Despite the availability of the statutory appellate remedy, the Department issued a garnishee notice in Form GST DRC-13 on 13 February 2026, which was received by the petitioner’s bank on 21 February 2026. On the same day, the bank debited the entire amount of ₹1.11 crore from the petitioner’s account. The petitioner challenged the recovery as arbitrary and contrary to law, contending that the statutory period for filing the second appeal had not yet expired.
During the hearing, the petitioner informed the Court that following earlier proceedings, the Department had re-credited the recovered amount to the petitioner’s Electronic Cash Ledger instead of refunding it directly to the bank account from which it had been recovered. According to the petitioner, this continued to adversely affect its liquidity and business operations because the funds remained unavailable for normal commercial transactions.
The petitioner argued that if the Department itself acknowledged the impropriety of the recovery by restoring the amount to the Electronic Cash Ledger, there was no justification for withholding its refund to the original bank account.
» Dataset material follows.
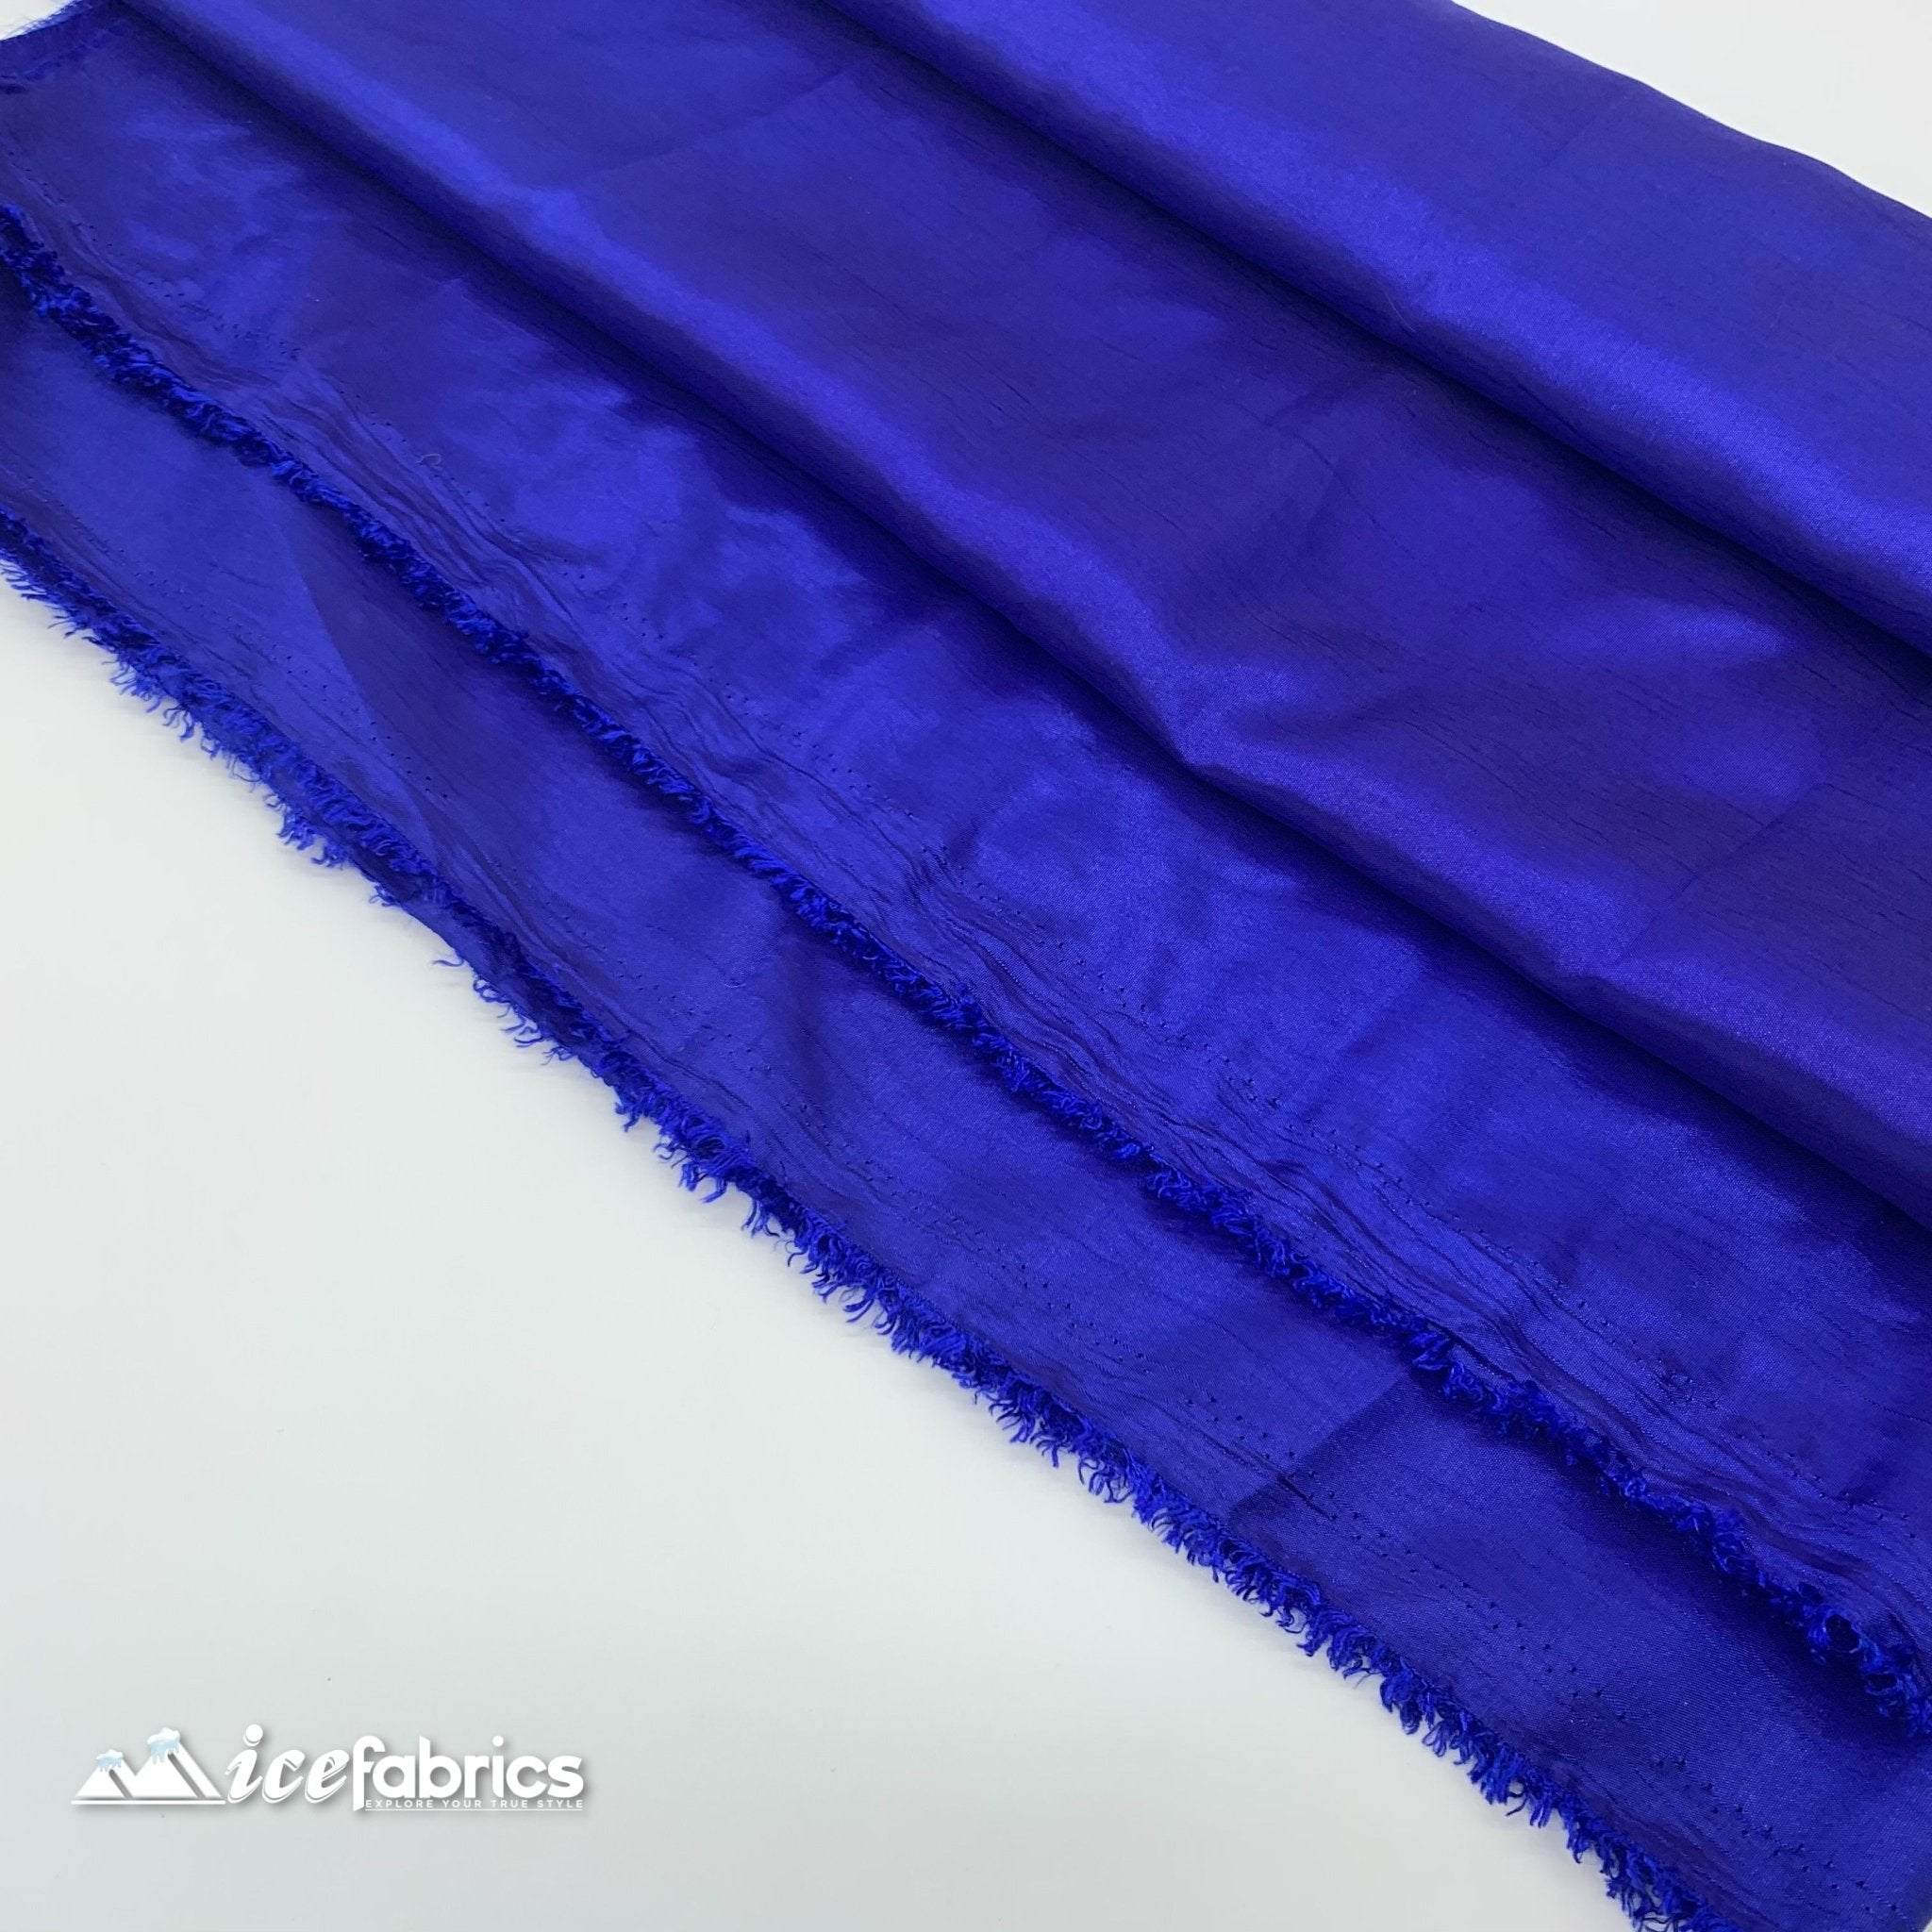 Royal Blue Luxury Solid/ Taffeta Fabric / Fashion FabricTaffeta FabricICEFABRICICE FABRICSRoyal BlueRoyal Blue Luxury Solid/ Taffeta Fabric / Fashion Fabric ICEFABRIC
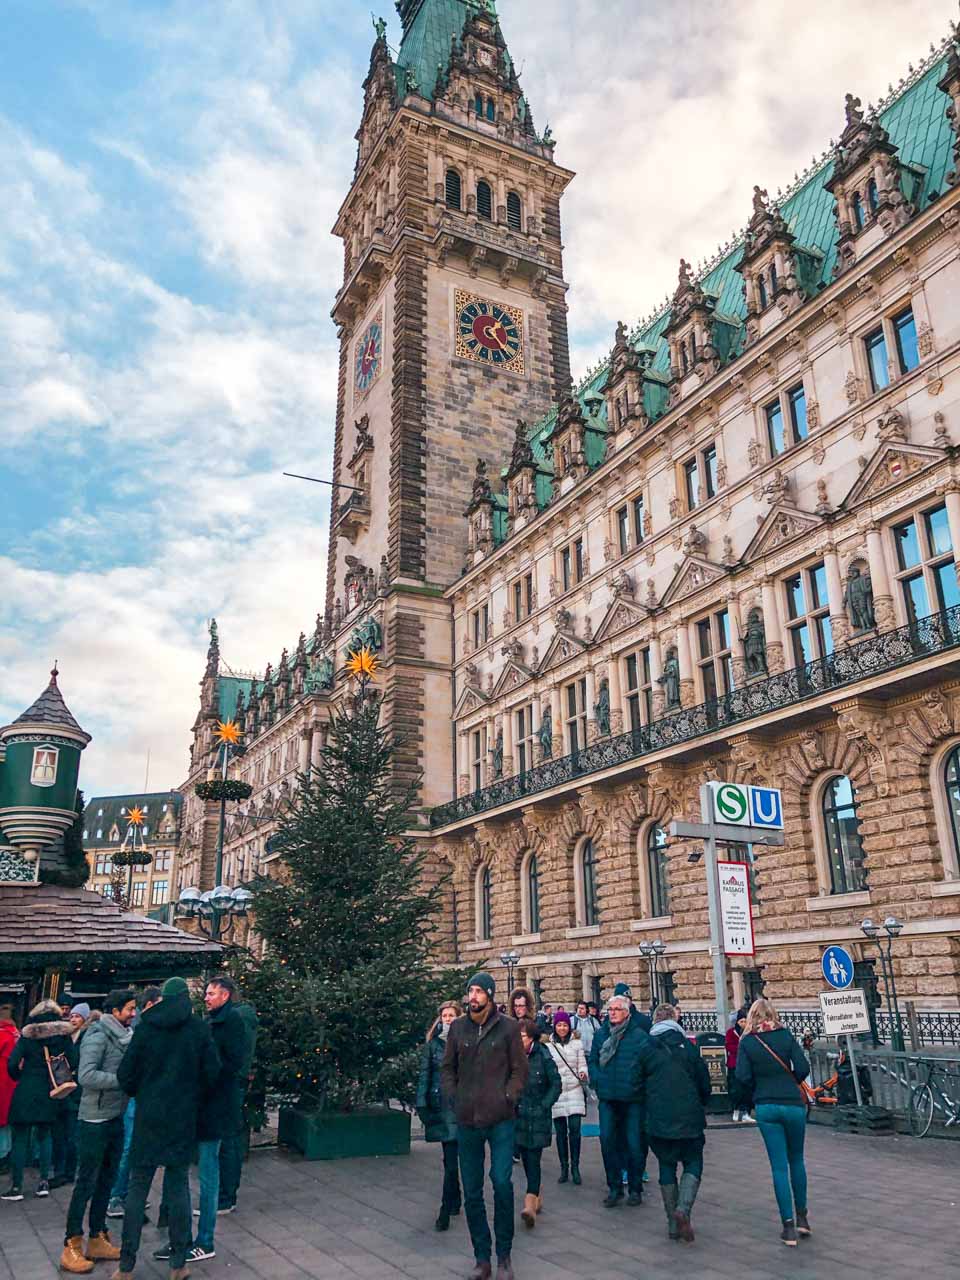 The City Hall building in Hamburg, Germany

The High Court noted that the controversy had narrowed to a limited issue—whether the amount recovered before expiry of the appeal period should merely remain re-credited in the Electronic Cash Ledger or be refunded to the petitioner’s bank account.
The Court also observed that repeated adjournments were being sought by the Revenue to obtain instructions, despite the issue being relatively straightforward. Instead of granting further time, the Bench considered it appropriate to dispose of the writ petition by providing a practical mechanism for resolution.
The High Court granted liberty to the petitioner to submit a refund application in respect of the amount re-credited to its Electronic Cash Ledger. It directed that if such an application is filed within one week, the Assistant Commissioner of Central Tax, Appeals-I Commissionerate, Hyderabad, shall examine and decide the application in accordance with law within one week thereafter.
Accordingly, the writ petition was disposed of without any order as to costs, and all pending miscellaneous applications were closed.